Birer ekonomik birim olarak işletmelerin iyi yönetilebilmeleri, ortakların ve di¤er ilgililerin desteklerini kazanabilmeleri

kendileri hakkında onları devamlı bilgilendirmeleriyle olur. Bu görevi
muhasebe üstlenmiştir. Bu amaçla işletme içinde, işletmeden dışarıya
veya dışarıdan işletmeye doğru gerçekleşen kıymet hareketlerinin
kaydedilmesi ve ilgililere raporlanması gerekir. Bu, muhasebenin
birinci işlevidir.

Muhasebe bilgisinin işletme içine ve dışına raporlanması yeterli
değildir. Bu bilginin analizi ve yorumlanması gerekir. Finansal analiz
yoluyla, işletmenin mevcut finansal durumunu daha iyi yorumlayabilmek
mümkün olur. Böylece, işletme ile ilgili taraflar, işletmeden
beklentilerinin karşılanıp karşılanamayacağı konusunda karar
verebilirler. Finansal analiz ve yorum, muhasebenin ikinci işlevidir.

Bilginin doğru ve güvenilir olarak üretilip raporlanması için işletmede
iç kontrol sisteminin kurulması; bilgi kullanıcılarının bilgiye güven
duymaları için de bağımsız denetimin gerçekleştirilmesi gerekir.


Finansal Yönetim

Finansal yönetim, işletme için gerekli fonların belirlenmesi,
sağlanması ve yönetilmesini ifade eder.

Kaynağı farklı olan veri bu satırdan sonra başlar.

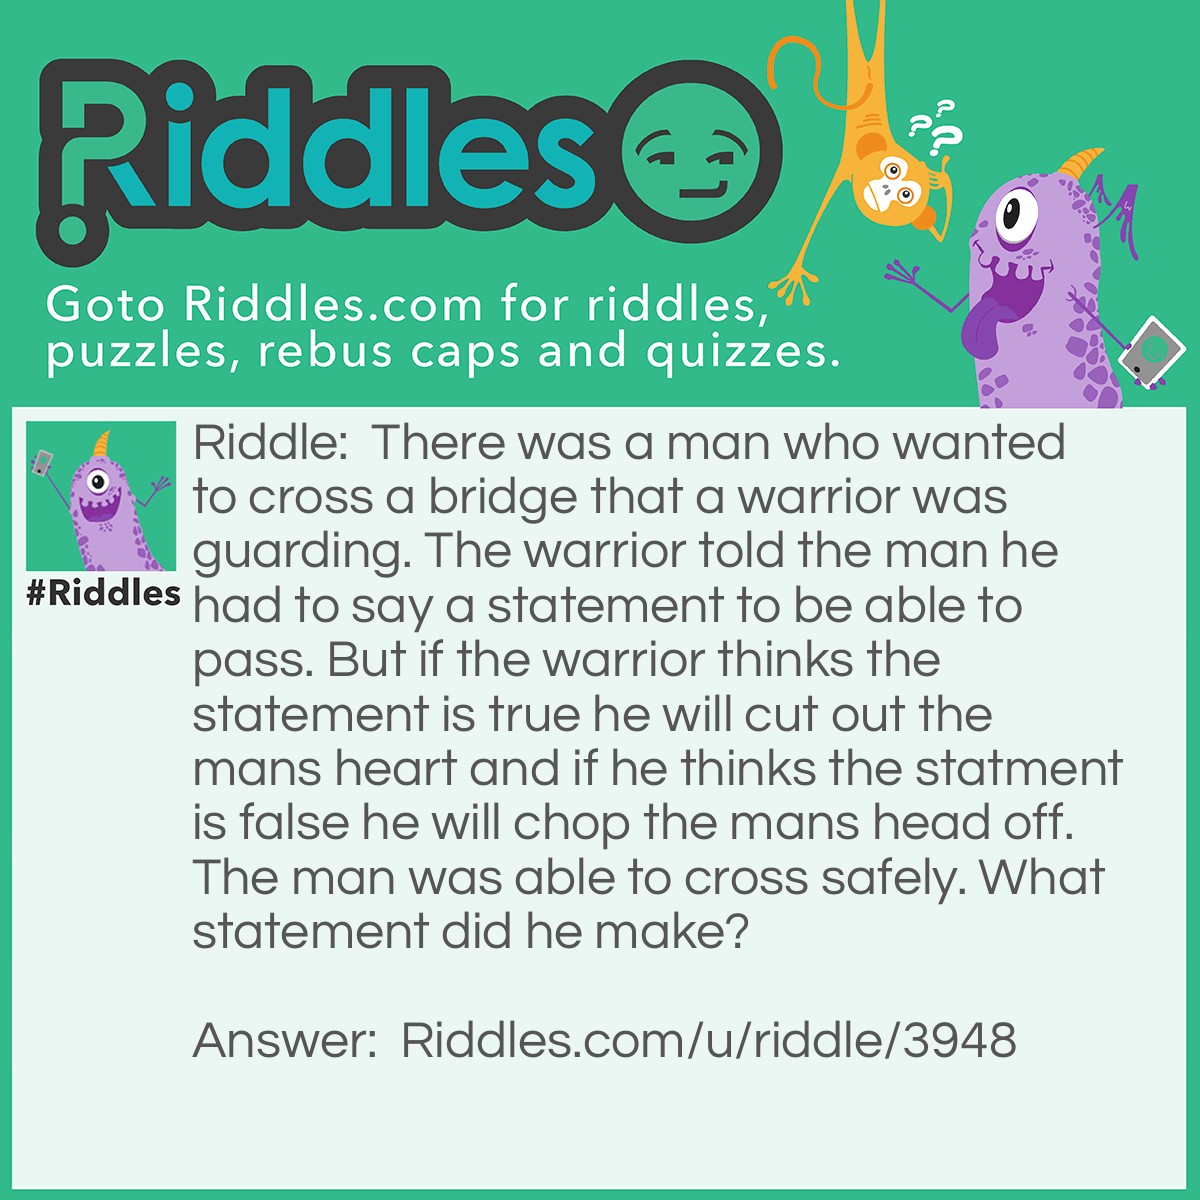 Riddle: There was a man who wanted to cross a bridge that a warrior was guarding. The warrior told the man he had to say a statement to be able to pass. But if the warrior thinks the statement is true he will cut out the mans heart and if he thinks the statment is false he will chop the mans head off. The man was able to cross safely. What statement did he make? Answer: The man said to the soldier, "You will chop my head off." Then warrior couldn't say it was false and chop off his head because then it would be true. But if it was true then he would have to cut out his heart which would be false.

Finansal yönetimle ilgili temel
fonksiyonlar iki ana grupta toplanmakla birlikte, gerçekte çok sayıda
karar alanlarından oluşur. Yatırımlarla ilgili olarak; ne tür
yatırımlar, ne zaman, ne miktarda, nasıl yapılmalıdır sorularına cevap
aranır. Finansmanla ilgili olarak; yapılacak yatırımlar için en uygun
fon nereden, ne miktarda, nasıl sağlanmalıdır gibi sorulara cevap
aranır. Yine işletme faaliyetleri sonucunda elde ettiği kârların ne
kadarını ortaklarına , ne kadarını işletmede bırakmalıdır gibi sorulara
cevap aranır. Finansal yönetim muhasebe ve iktisatla doğrudan,
pazarlama,üretim ve kantitatif yöntemlerle dolaylı ilişki
içerisindedir. Yukarıda belirtilen finansal kararları vermek için
gerekli veriler muhasebe departmanınca sağlanır. Bu verilerin sağlıklı
ve doğru olması gerekliliği muhasebenin önemini arttırmaktadır. Bir
finansman yöneticisi piyasalardaki gelişmelerle, iktisadi prensiplerle
yakın ilişki içersindedir. Bu nedenle finans ve iktisat bilimleri
arasında da önemli bir ilişki mevcuttur. Finans yöneticisi ayrıca karar
verirken pazarlama ve üretim sürecindeki değişiklikleri de
izlemelidirler.

Bu süreçlerdeki değişiklikler işletmenin nakit akışlarında değişikliğe
yol açabilir. Ayrıca finansal yönetimde son yıllarda artan bir biçimde
kantitatif yöntemler kullanılmakta olup, bu disiplinin finans için
önemi gün geçtikçe artmaktadır. Finansal kararlar alınırken birinci
amaç, işletmenin piyasa değerini ya da ortakların varlıklarını maksimum
yapmaktır. Bir şirketin değeri, şirket anonim şirketse hisse
senetlerinin değeri ile ölçülür. Bu amaç önceleri birinci amaç olarak
belirlenen kârı maksimum yapma amacından farklıdır. Muhasebe kârı
gerçek nakit akışlarını göstermeyebilir. İşletmenin piyasa değerini
maksimize etme amacı nakit akışlarının zamanını ve bunların gerçekleşme

olasılıklarını, yani risklerini de göz önünde bulundurarak, kâr
maksimizasyonu amacına göre öne çıkmaktadır. Finansal analiz, finansal
tablolardaki çeşitli kalemler arasındaki ilişkilerin kurulmasını,
ölçülmesini ve yorumlanmasını kapsayan bir faaliyettir. Bu şekilde iyi
bir finansal planlama yapılması için işletmenin cari ve geçmiş
dönemleri değerlendirilebilir. Finansal analizde en çok kullanılan
tablolar; işletmenin belirli bir tarih itibariyle varlıklarını ve
kaynaklarını gösteren bilanço ile faaliyet dönemiyle ilgili sonuçların
gösterildiği gelir tablosudur. Finansal analizde yapılan analizin
amacına göre farklı niteliklerdeki analizler yapılabilir ve farklı
yöntemler uygulanabilir. Etkin bir planlama finansal başarı için
önemlidir. Beklenmeyen problemlerle karşılaşmamak için iyi bir analiz
ve uygun finansal planlar gereklidir. Finansal planlamanın üç önemli
aktivitesinden ilki, finansal ihtiyaçların belirlenmesidir. Bu aşamada
kısa ve uzun dönemli gelir ve giderler belirlenmeye çalışılır.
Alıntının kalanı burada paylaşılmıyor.